McPhail v Doulton [1971]
Facts
• A wealthy industrialist set up a trust, instructing trustees to apply the trust "as they see fit" to a large class of beneficiaries, including 4,300 employees at his company, former employees, and their relatives.
• The key issue was whether this constituted a trust or merely a power, and whether it was too uncertain for a valid trust to exist due to the large number of potential beneficiaries.
• The main question was whether it was necessary to have a complete and precise list of beneficiaries for the trust to be valid.
Outcome
• The court held that this arrangement was a valid trust, not a mere power.
• The trust would not fail due to uncertainty regarding the beneficiaries.
• It was not necessary to have a complete list of all beneficiaries. The trust could still be executed as long as it was possible to determine whether a person belonged to the class of beneficiaries.
• The decision clarified that a trust does not fail for uncertainty of objects if it is possible to determine whether someone is a member of the beneficiary class.
Key Notes
• Lord Wilberforce's Judgment (Majority):
◦ Lord Wilberforce emphasised that a complete division or list of beneficiaries was unnecessary, especially for a large class of people like employees and their families.
◦ He noted that equal division was likely not the settlor’s intention, as it would be impractical for such a large class of beneficiaries.
◦ He reaffirmed that the trust could still be valid as long as the class of beneficiaries could be identified.
• Agreement of Lords Reid and Dilhorne:
◦ Both Lord Reid and Viscount Dilhorne agreed with Lord Wilberforce's judgment, reinforcing that a trust could still be valid despite the impracticality of listing every possible beneficiary.
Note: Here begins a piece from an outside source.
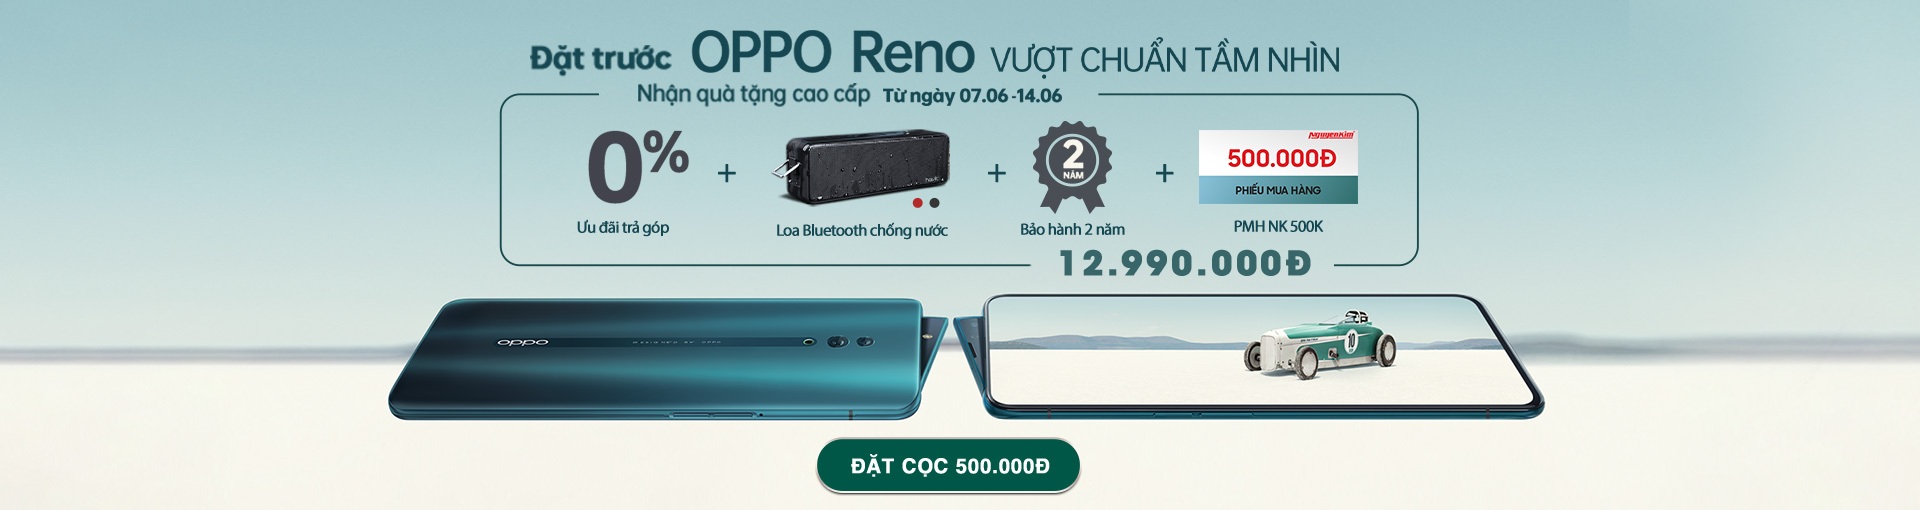 Oppo-reno-1920x510

◦ This case marked a shift in discretionary trust law, where certainty of objects was no longer tied to the need for a complete list.
• Impact:
◦ This case significantly relaxed the requirement for certainty of objects in discretionary trusts, moving away from the strict "list certainty" rule as seen in IRC v Broadway Cottages (1955).
◦ It established that a class of beneficiaries could be sufficiently certain even without a complete list, provided that the class was conceptually certain and it was possible to identify who belonged to it.